Образ языковой сети, окутывающей мир и превращающей его в ироничный текст, стал одной из философских доминант постмодернистской культуры. Лакановские идеи структуры бессознательного желания, его оригинальная концепция соотношения бессознательного и языка, децентрированного субъекта дали импульс новой, отличной от модернистской, трактовке художественного творчества. Привлекательным для теоретиков и практиков постмодернизма оказались также постфрейдистские интерпретации трансферта и пульсации, связанных с такими фазами символизации в искусстве как метафора и метонимия, а также феноменами скольжения означаемого.

 

 

Мишель Фуко.

Мишель Фуко (1926-1984) родился в Пуатье, там же учился в лицее; в Париже окончил Ecole normale superieure; в 1952 г. стал дипломированным патопсихологом. В течение двух лет он стажировался в качестве патопсихолога. Тогда же Фуко заинтересовался проблемами личности больного, что способствовало появлению его раннего произведения "Психическая болезнь и личность" (1954). С 1952 г. он также читал лекции в университете Лилля, с 1955 г. - в Упсала (Швеция), в 1958 г. - в Варшаве, а с 1959 г. - в Гамбурге (где он занимал должность директора Французского культурного центра). С 1970г. Фуко преподавал в Коллеж де Франс. В 60-70-х и в начале 80-х годов были опубликованы его важнейшие произведения: "Слова и вещи. Археология гуманитарных наук" (1966); "Археология знания" (1969), "Порядок дискурса" (1971), "Надзирать и наказывать" (1975) и др.

 

Отношение Фуко к структурализму.

Фуко иногда причисляют к структурализму или постструктурализму.
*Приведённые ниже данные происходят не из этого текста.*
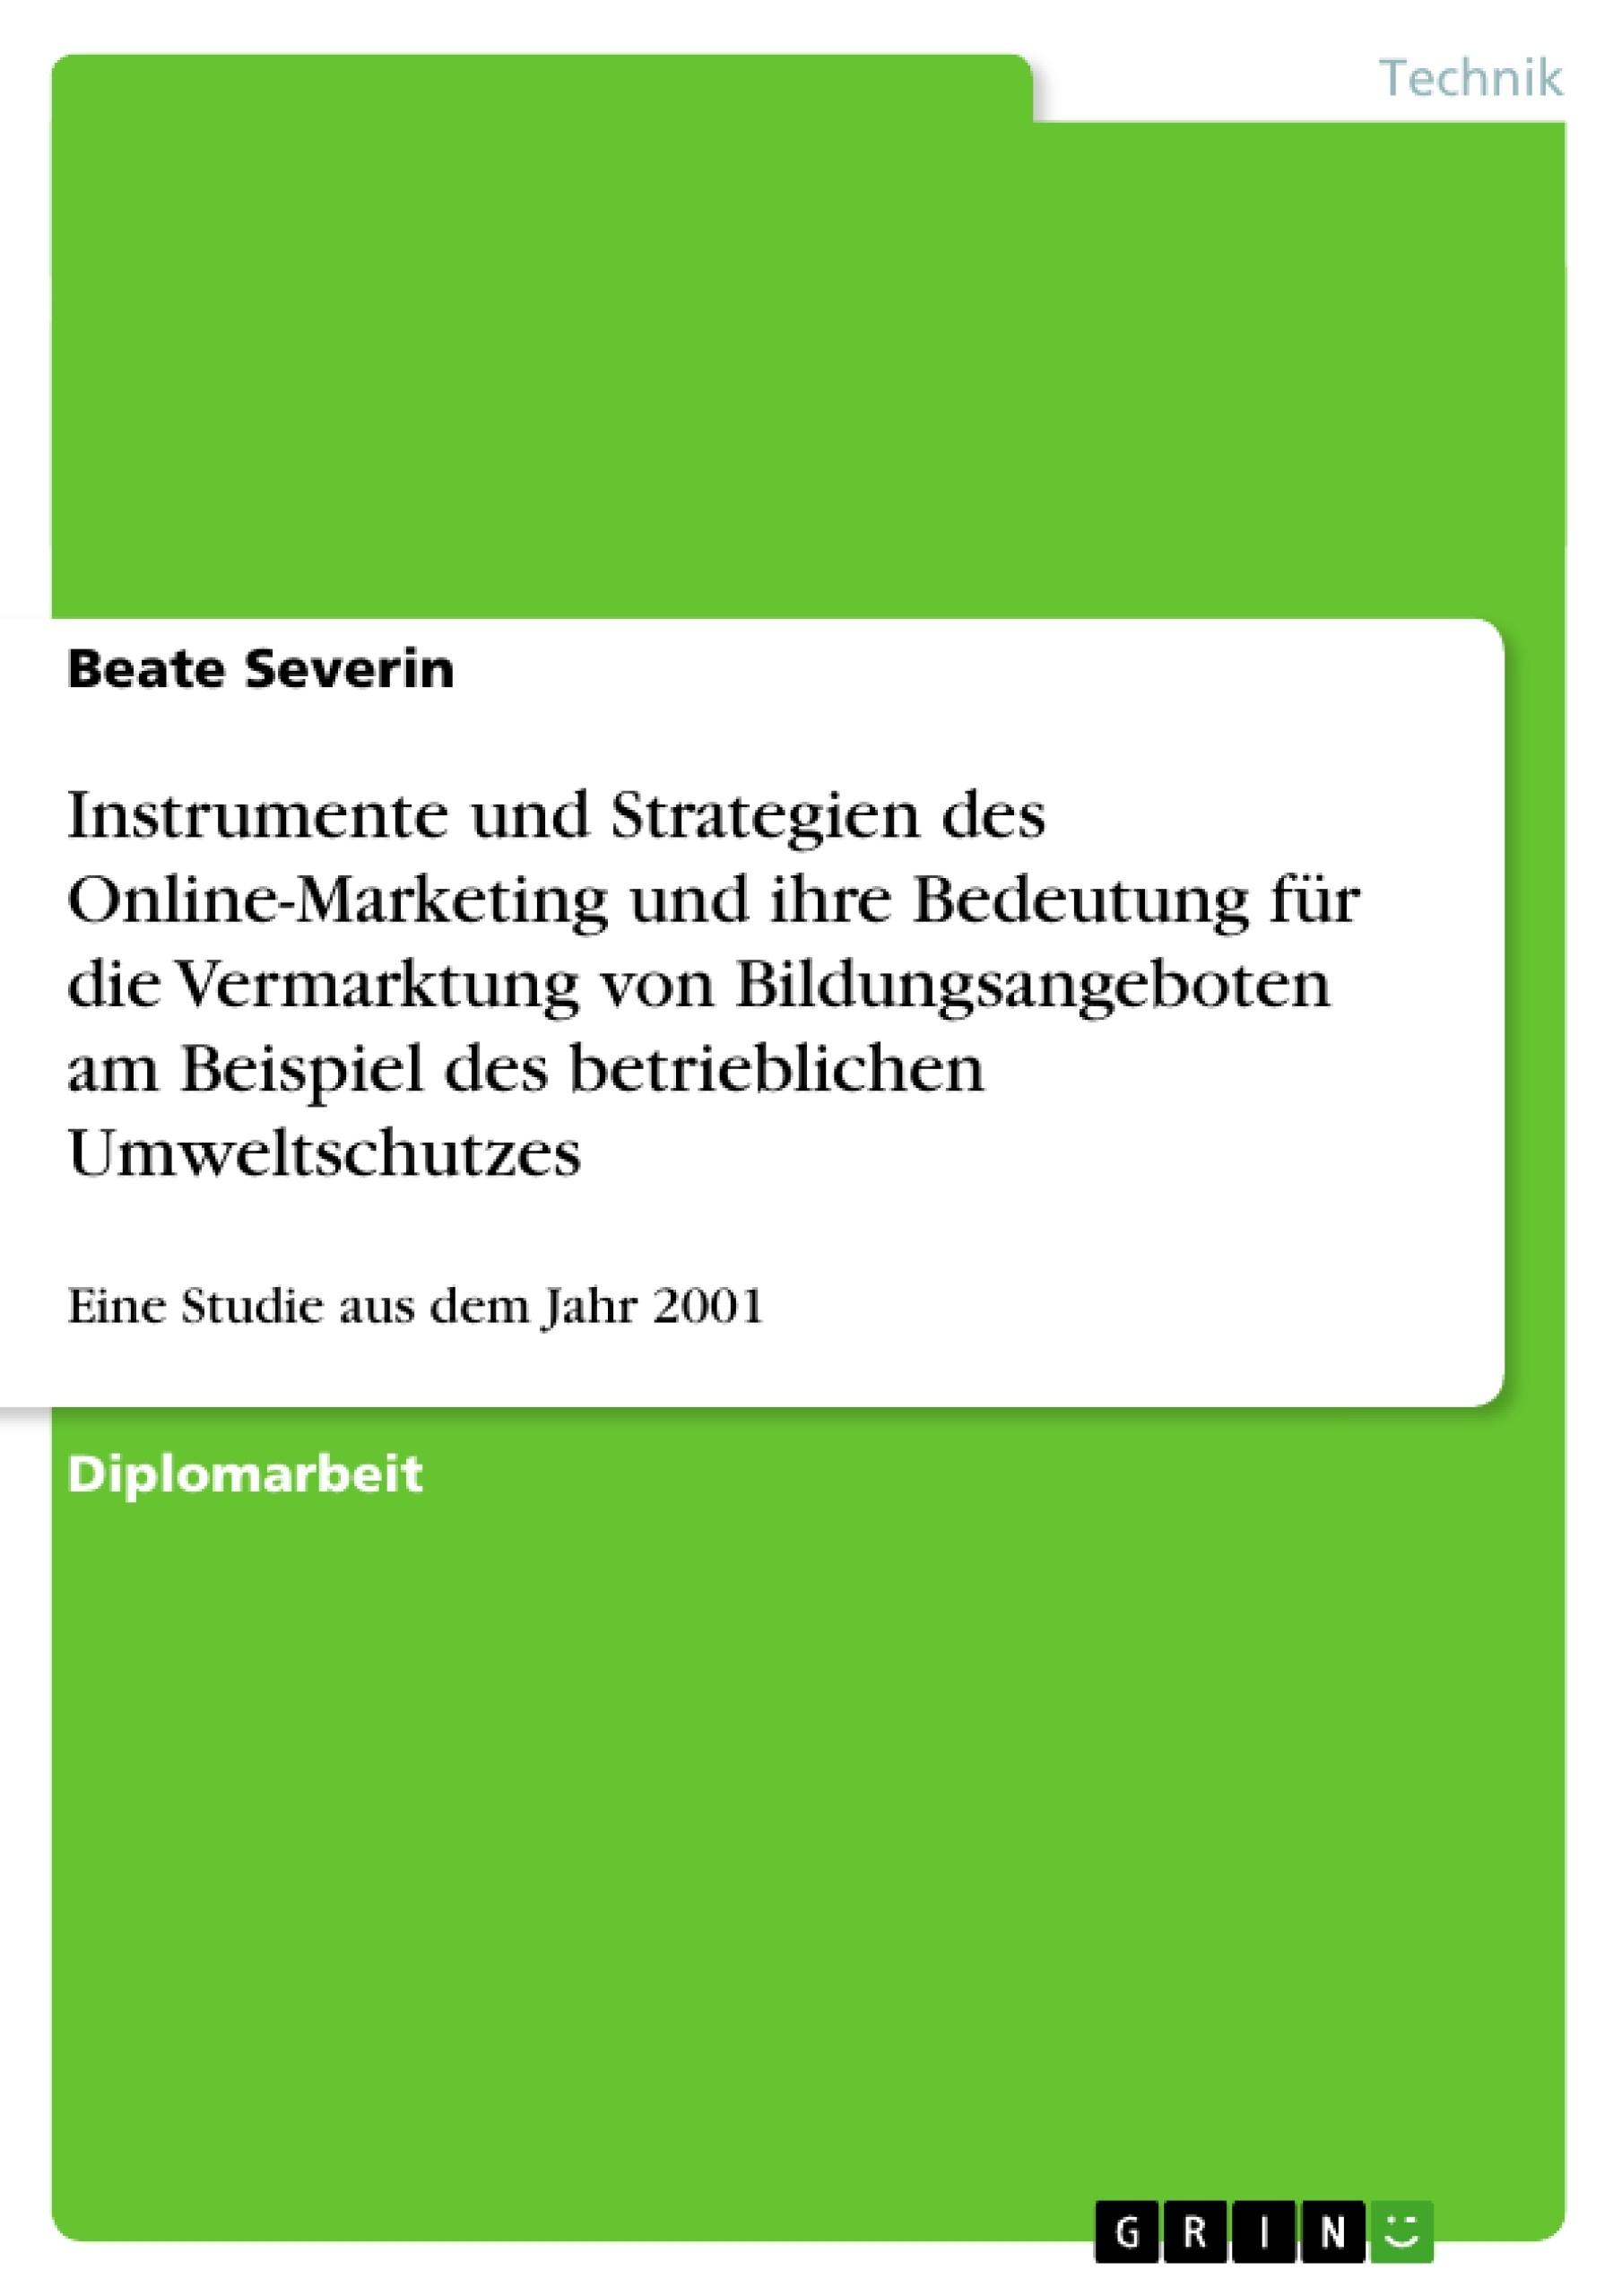 Titel: Instrumente und Strategien des Online-Marketing und ihre Bedeutung für die Vermarktung von Bildungsangeboten am Beispiel des betrieblichen Umweltschutzes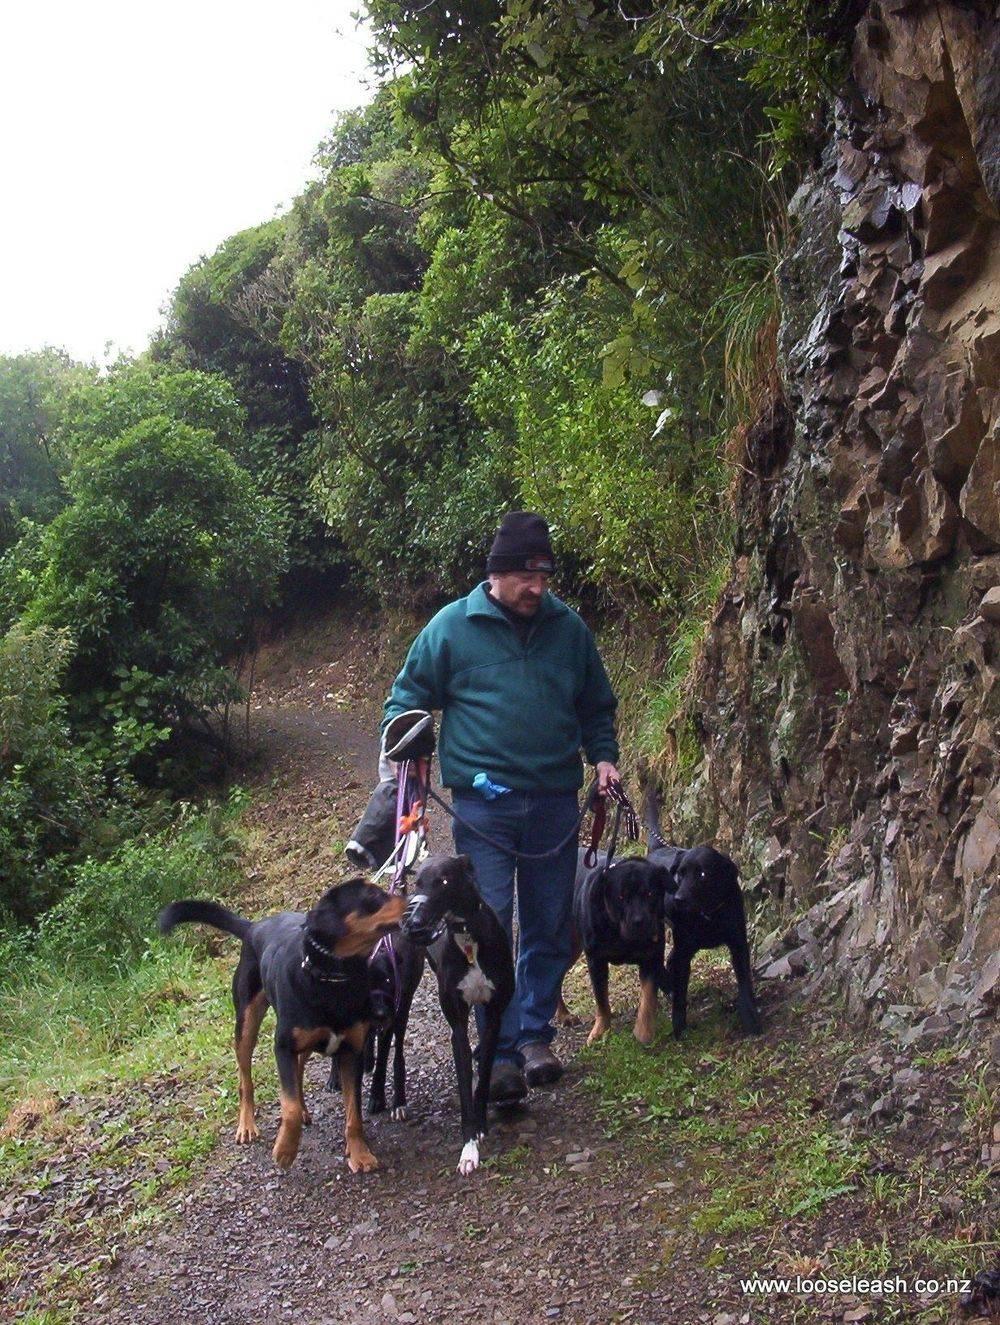 Newlands Dog Walker walking dogs along Lawsons Track, Seton Nossiter Park

Этот вопрос стал очень сложным и запутанным, что произошло не без участия самого Фуко.

 

Одно время он действительно был в каком-то смысле близок к тем, кто относил себя - или кого относили - к структурному направлению в гуманитарных науках: он писал в журнал Tel Quel (где печатали, правда, не только структуралистов, но вообще - "авангард" литературы и литературной критики того времени), говорил как будто бы от их имени, неоднократно предпринимал попытки концептуально осмыслить структурализм как практику и как метод. В ряде интервью 1966-1967 гг. (в связи с выходом в свет книги "Слова и вещи") Фуко еще не возражал против такого рода идентификации. Действительно, после появления "Истории безумия", отвечая на вопрос журналиста о том, кто повлиял на него в первую очередь, он назвал Бланшо, Русселя и Лакана, а затем добавил: "Но также, и главным образом, - Дюмезиль"; видя же удивление собеседника ("Каким образом историк религий мог оказаться вдохновителем работы по истории безумия?"), Фуко поясняет: "Благодаря своей идее структуры. Как и Дюмезиль по отношению к мифам, я попытался обнаружить структурированные нормы опыта, схему которых - с некоторыми модификациями - можно было бы встретить на различных уровнях". Не только в этих словах, но и в работах Фуко того времени нетрудно усмотреть близость структурному подходу. Именно эту работу он и проделал в известной статье 1967 г. "По чему распознают структурализм?"

 

Тут нужно принять во внимание два обстоятельства. Во-первых, сильный накал страстей - и политических в том числе - во Франции в 60-е годы вокруг структурализма вообще и вокруг отношения Фуко к структурализму, в частности. В 1967 г., когда в Фуко видят "жреца структурализма", он отвечает, что он - лишь "певчий в хоре" и служба началась задолго до него. И в текстах и в интервью этого времени Фуко посвящает структурализму пространные анализы. Он различает структурализм как метод, с успехом используемый в частных областях: в лингвистике, в истории религий, в этнологии и т.д., - и "общий структурализм", имеющий дело с тем, "что есть наша культура, наш сегодняшний мир, с совокупностью практических или теоретических отношений, которые определяют нашу современность. Именно здесь структурализм получает значение философской деятельности - если принять, что роль философии состоит в том, чтобы диагносцировать".

 

А уже в 1968 г. одного упоминания о структурализме или о его к нему причастности было достаточно для того, чтобы вызвать у Фуко в лучшем случае сарказм и насмешки. На вопрос журналиста, как он на данный момент мог бы определить структурализм, Фуко отвечает:

 

"Если спросить тех, кого включают в рубрику "структуралисты" - Леви-Стросса или Лакана, Альтюссера или лингвистов, - они бы ответили вам, что у них друг с другом нет ничего общего или мало чего общего. Структурализм - это категория, которая существует для других, для тех, кто не имеет к нему отношения. Только извне можно сказать, что такой-то, такой-то и такой-то - структуралисты. Это у Сартра нужно спрашивать, кто такие структуралисты, поскольку он считает, что структуралисты представляют собой сплоченную группу (Леви-Стросс, Альтюссер, Дюмезиль, Лакан и я), группу, которая образует своего рода единство; но как раз этого вот единства - заметьте себе это хорошенько, - его-то мы как раз и не обнаруживаем"4.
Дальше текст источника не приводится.